HomePoliticsGabriela Jiménez: “There are 210 scientific projects to meet the needs of the people”

Gabriela Jiménez: “There are 210 scientific projects to meet the needs of the people”

The minister highlighted that the Venezuelan State was able to overcome the blockade and bring the most modern microscopes in America to the country.

In some file on her cell phone, the Minister of Science and Technology, Gabriela Jiménez, preserves the voice that President Nicolás Maduro sent her, drawing the formula to use to break the blockade and resurrect scientific research in Venezuela.

“Gabriela, we are going to achieve it through actions,” says part of the recording and that the minister evokes seven years later during an interview she gave to Últimas Noticias in his office on the corner of El Chorro in Caracas.

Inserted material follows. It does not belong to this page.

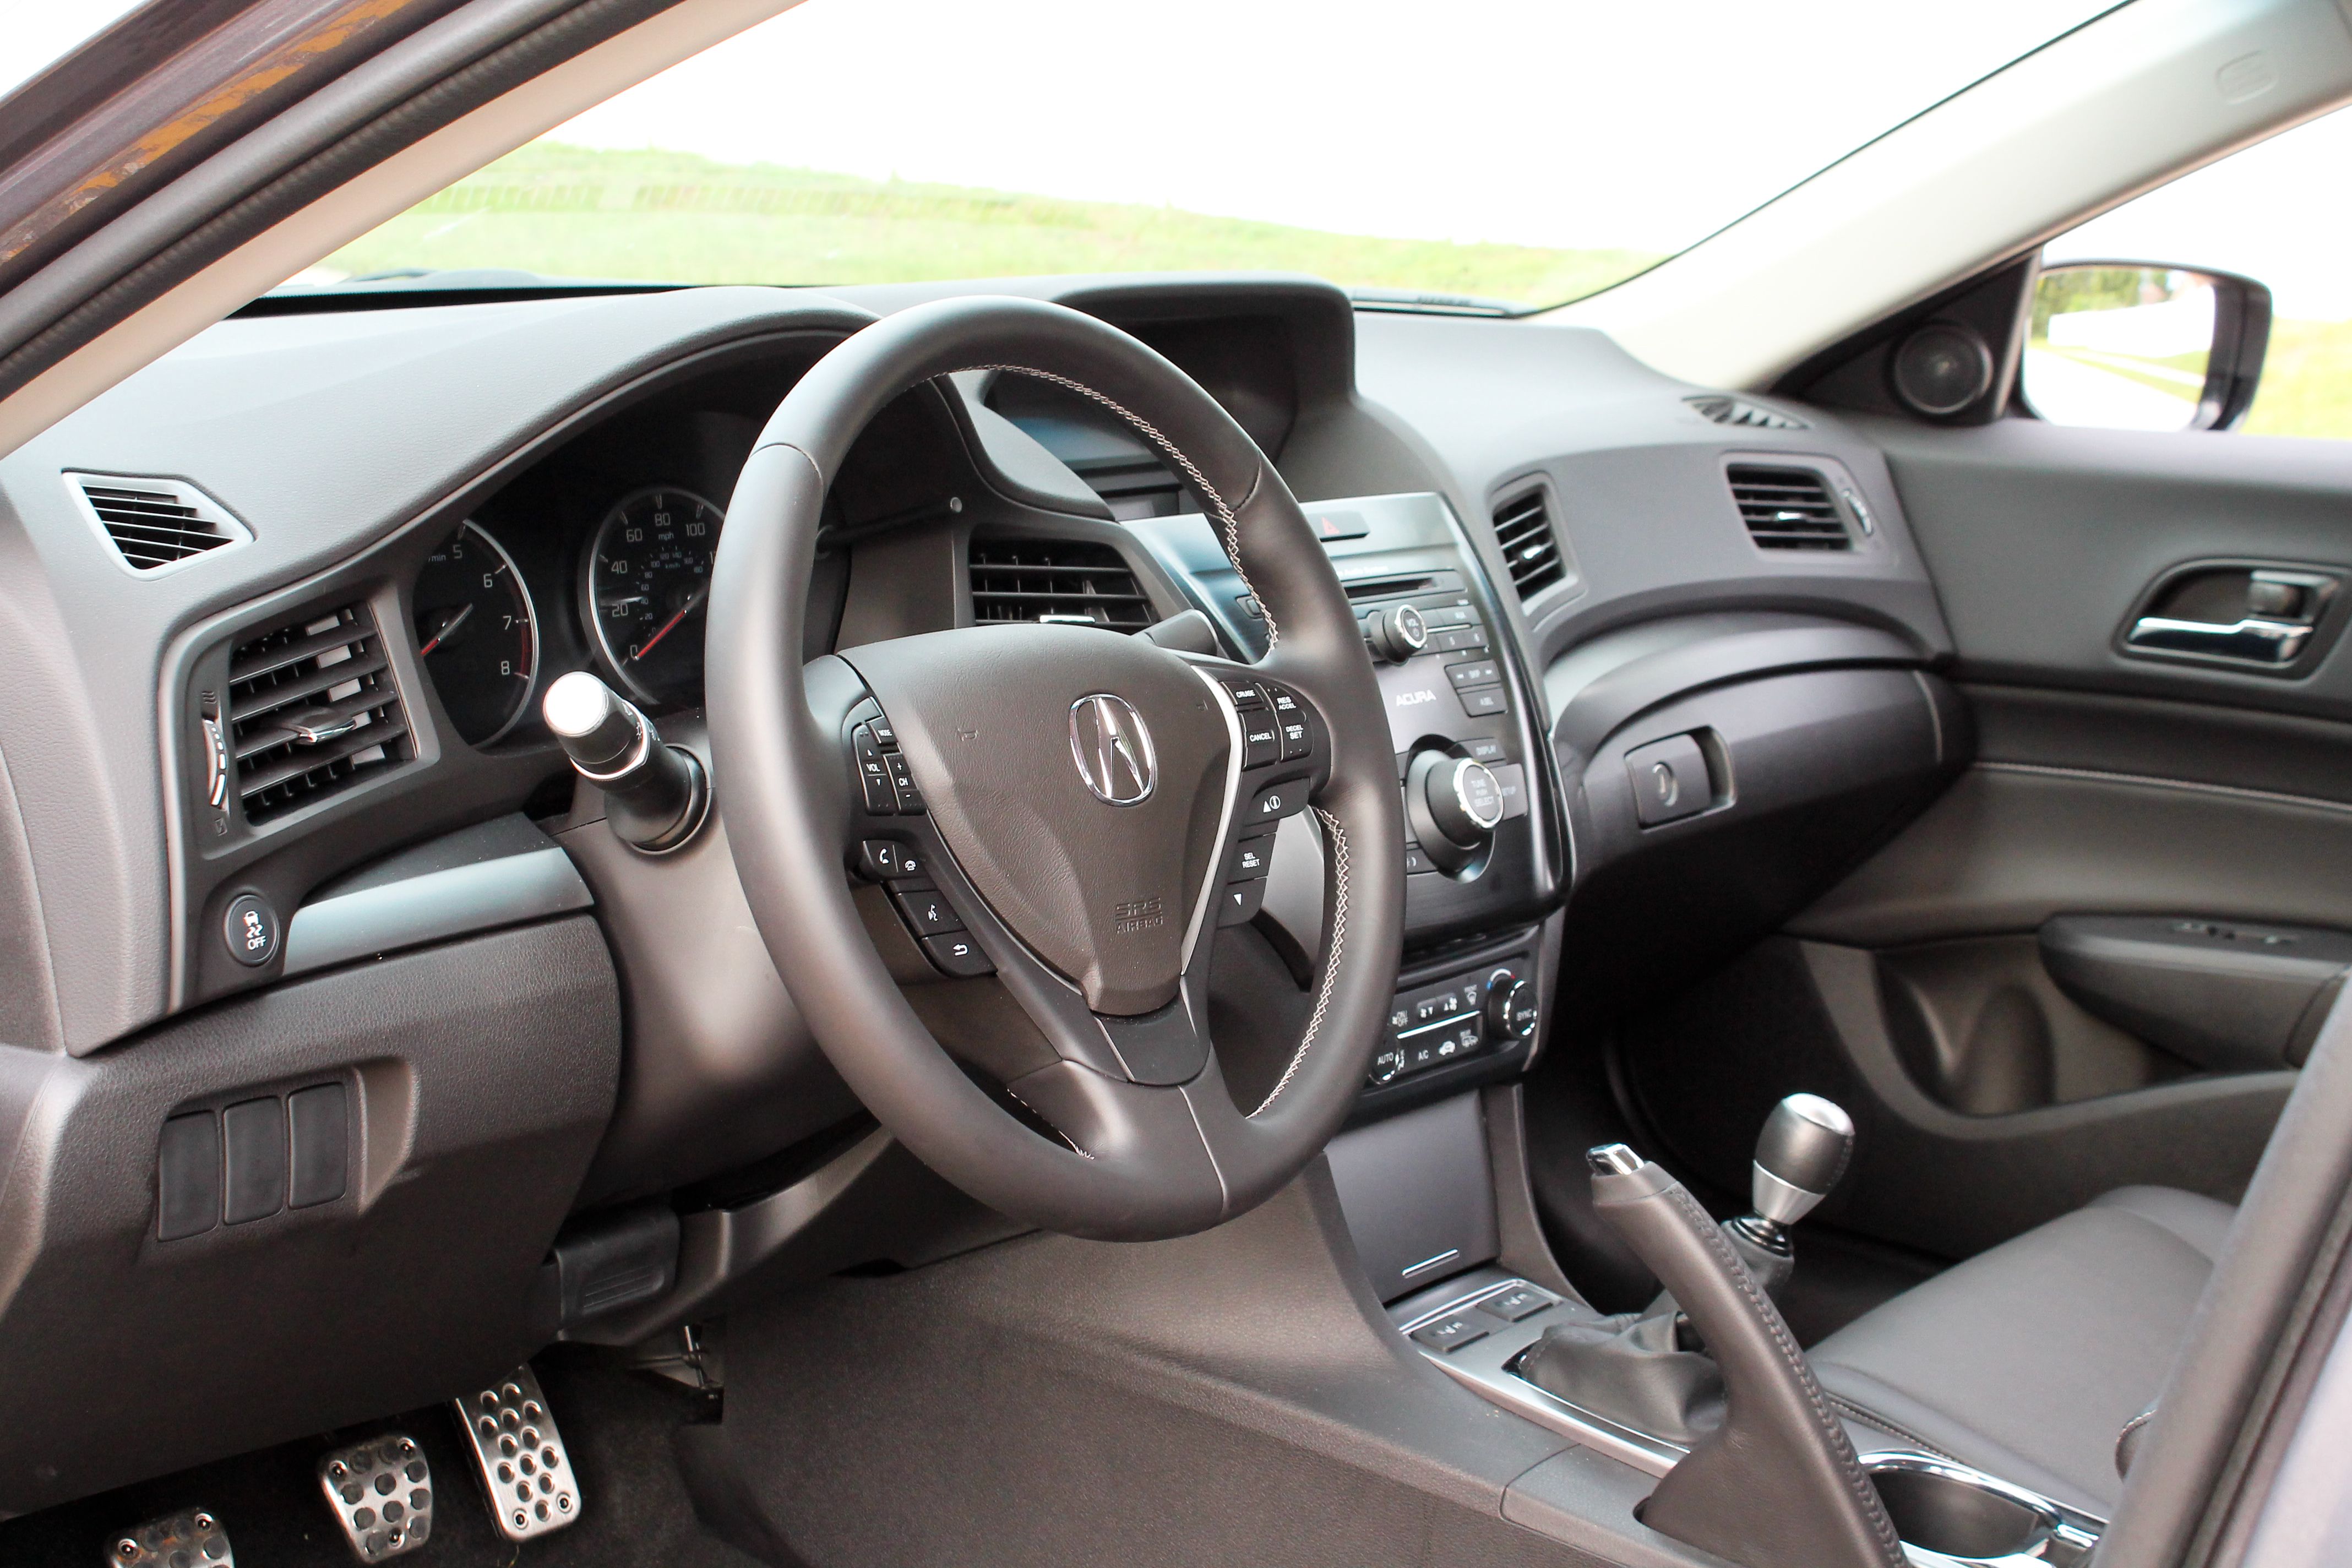 2015 Acura ILX 2.4L Premium - Driven
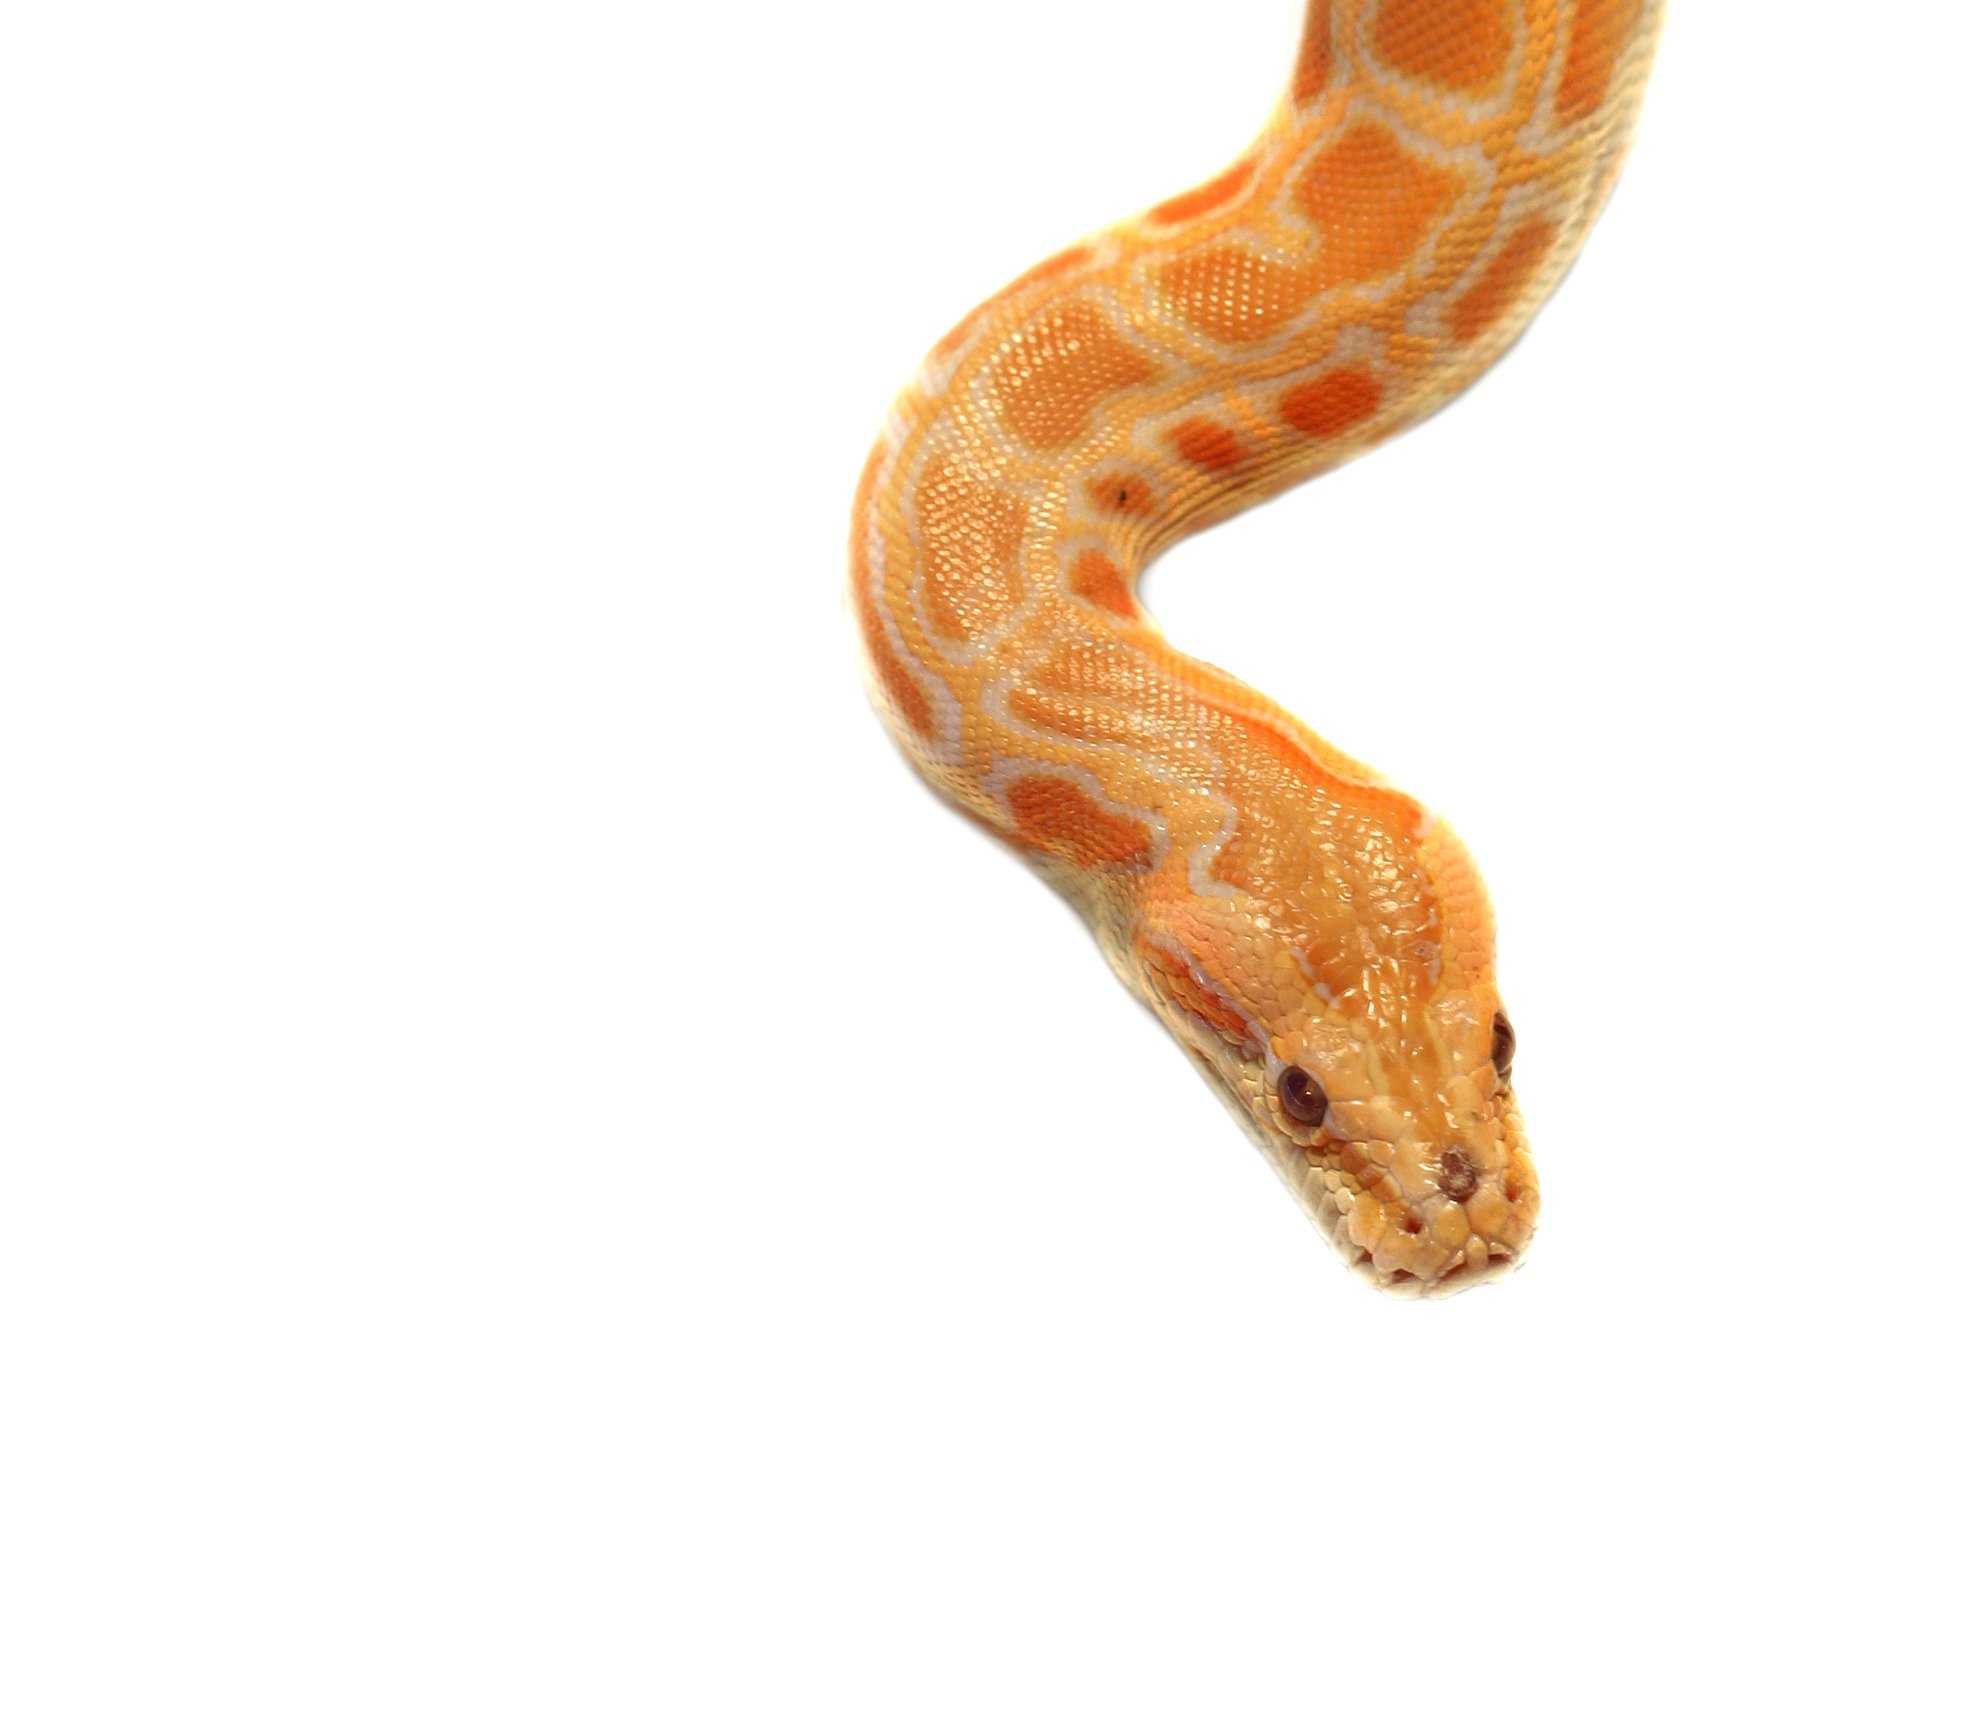 choosing your pet snake

“Today we can say that we have overcome this terrorist blockade; Write it like this,” says the biologist with watery eyes as she asks her assistants to send her, via WhatsApp, the photos of the latest generation microscopes that entered Venezuela in a triangulated manner with the collaboration of friendly countries.

In the interview, the sector vice president for Science, Technology, Education and Health revealed the place where modern microscopes are found, already in the hands of women and men who take advantage of them to detect new diseases, project climate changes and discover wealth. mining that exists in the bowels of the Venezuelan soil.

Some of the latter was seen live last Thursday when President Nicolás Maduro observed through one of the microscopes, brought to the country despite the blockade, the composition of a rock collected in the mining areas of Venezuela.

“Here there is something we discovered, but it cannot be said yet,” commented the head of state during an event held in the courtyards of the Aquiles Nazoa Cultural House, from where he granted financing for 210 scientific projects for an amount of $7.657.093.

821 women of the 25.877 researchers registered in the Great Science Mission, named Humberto Fernández Morán, participate in these works, which was activated by Maduro last Wednesday, April 10, from the Scientific and Technological Pole of the Foundation of the Institute of Advanced Studies. (Idea).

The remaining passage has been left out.